- Born: January 22, 1961 (age 65) Kolkata, West Bengal, India
- Occupation: VC of BIT Mesra

= Indranil Manna =

Indian academics

Indranil Manna is an academician, currently serving as the Vice Chancellor of Birla Institute of Technology, Mesra (BIT Mesra), Jharkhand, India.

Manna is a fellow of Indian Academy of Sciences, and The National Academy of Science, India,. He was a former vice-president of Indian National Science Academy (INSA), New Delhi. and Indian National Academy of Engineering (INAE).

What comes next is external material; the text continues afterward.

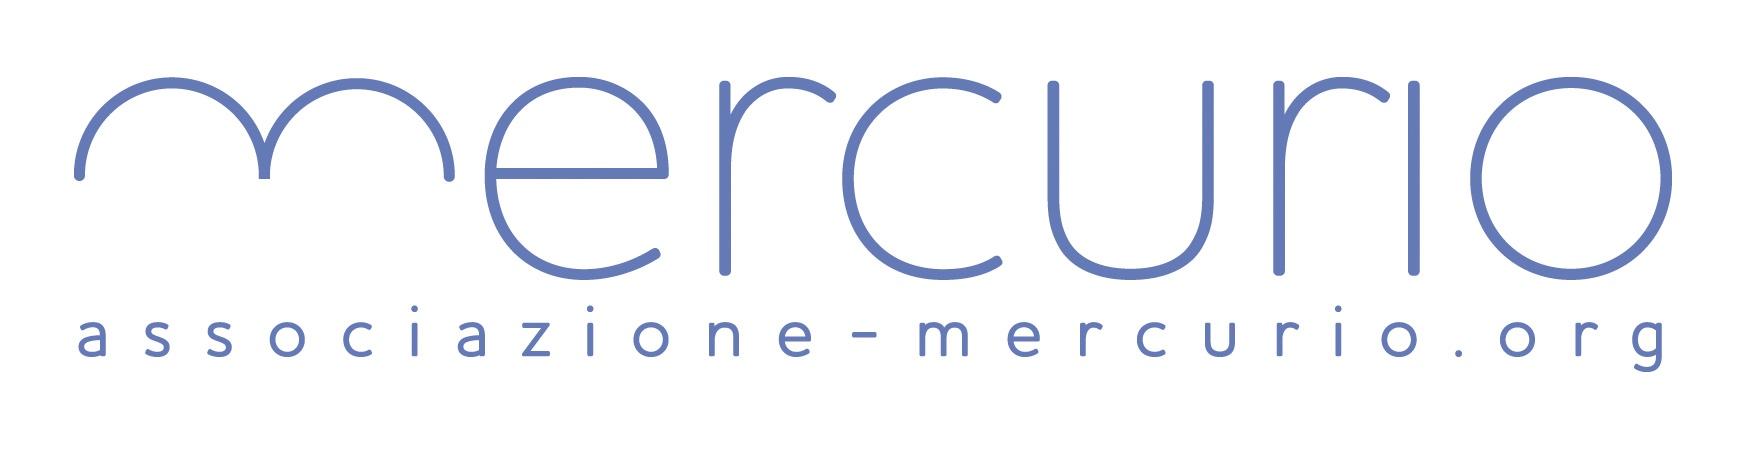 Associazione Mercurio, per fare la differenza
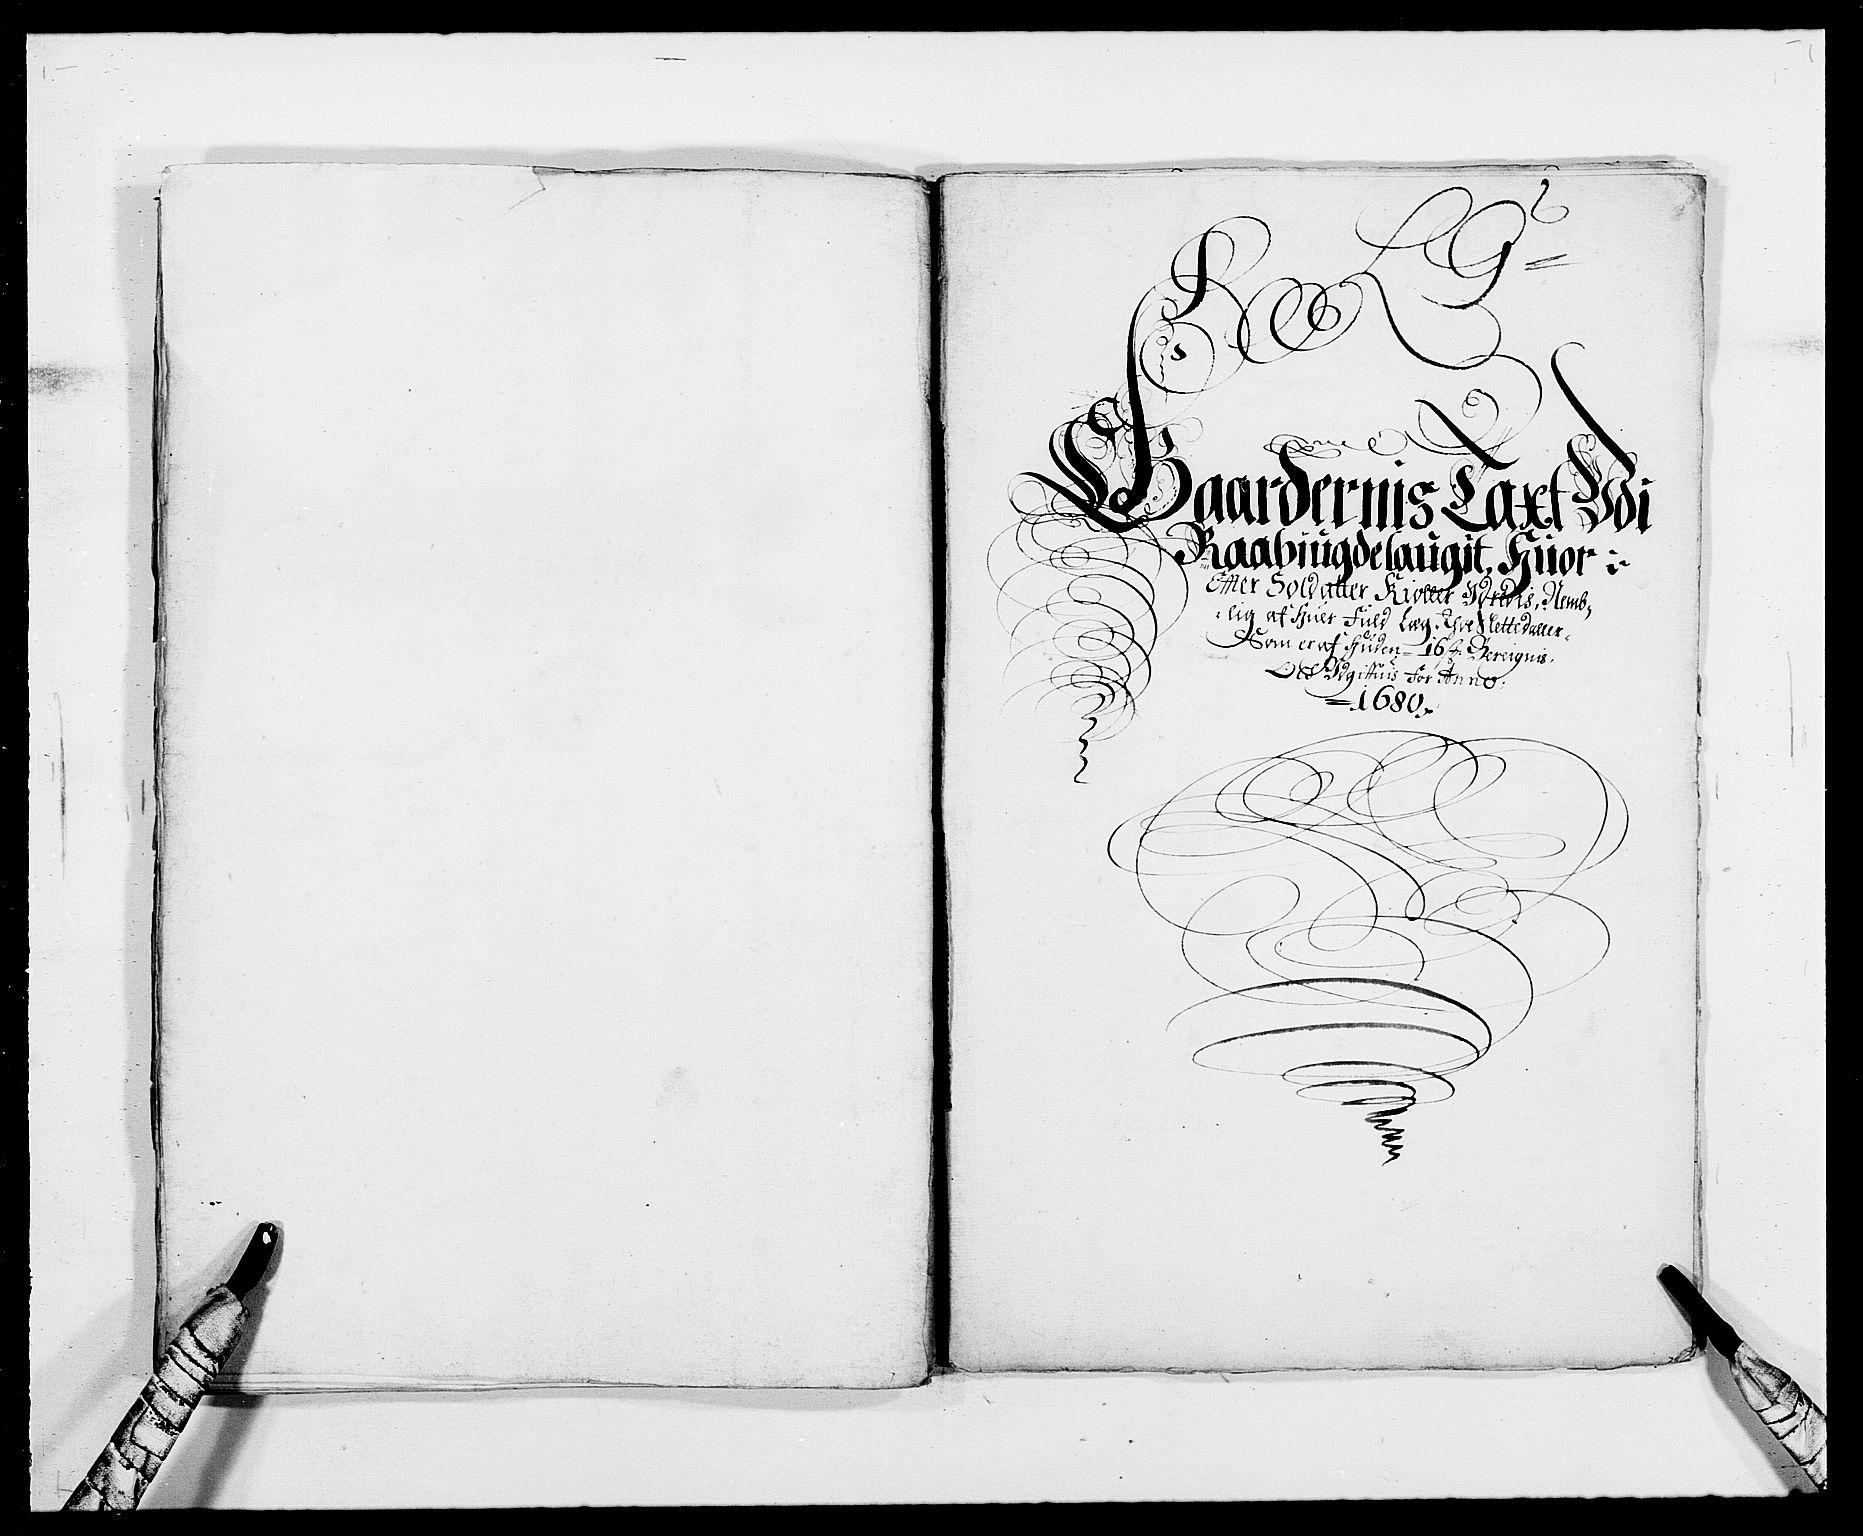 RA, Rentekammeret inntil 1814, Reviderte regnskaper, Fogderegnskap, R40/L2436: Fogderegnskap Råbyggelag, 1679-1680, s. 282

== Early life and career ==

Manna was born on January 22, 1961, in Kolkata. He completed his secondary education and higher secondary education from Pannalal Institution, Kalyani, W.B. He completed his bachelor's degree in engineering from University of Calcutta (1983) and master's degree from IIT Kanpur (1984). He obtained his PhD from IIT Kharagpur in 1990. In 2017, he also received Honorary Doctor of Science Degrees DSc (hc) from two different universities such as Kazi Nazrul University and University of Kalyani respectively.

Manna started his career as a lecturer at IIT Kharagpur (1985) and reached the post of professor in 2003. In 2009, he became HAG Professor. He was appointed as the director of the CGCRI in March 2010 where he served for two years. He also served as the Director of IIT, Kanpur from 2012 to 2017.

== Research ==

His research focus include nanostructured materials, laser/plasma aided surface engineering,
bainitic and special steel, microstructure-property correlation, nanofluid and ferrofluid and other similar areas. He has made several contributions in the studies of nano-fluid and laser/plasma assisted surface engineering, and amorphous/nanocrystalline Al-alloys. His work centered on tiny crystalline and structureless materials that strengthen aluminium alloys and steel and allow engineers to do more on the nanometre scale.

== Awards ==

He is a recipient of Premchand Raichand Scholarship (PRS) in the field of Applied Physics from Kolkata University, a TWAS Prize Winner in Engineering (for new methods for designing ceramic and metallic objects) and Jagadish Chandra Bose Fellowship Awardee.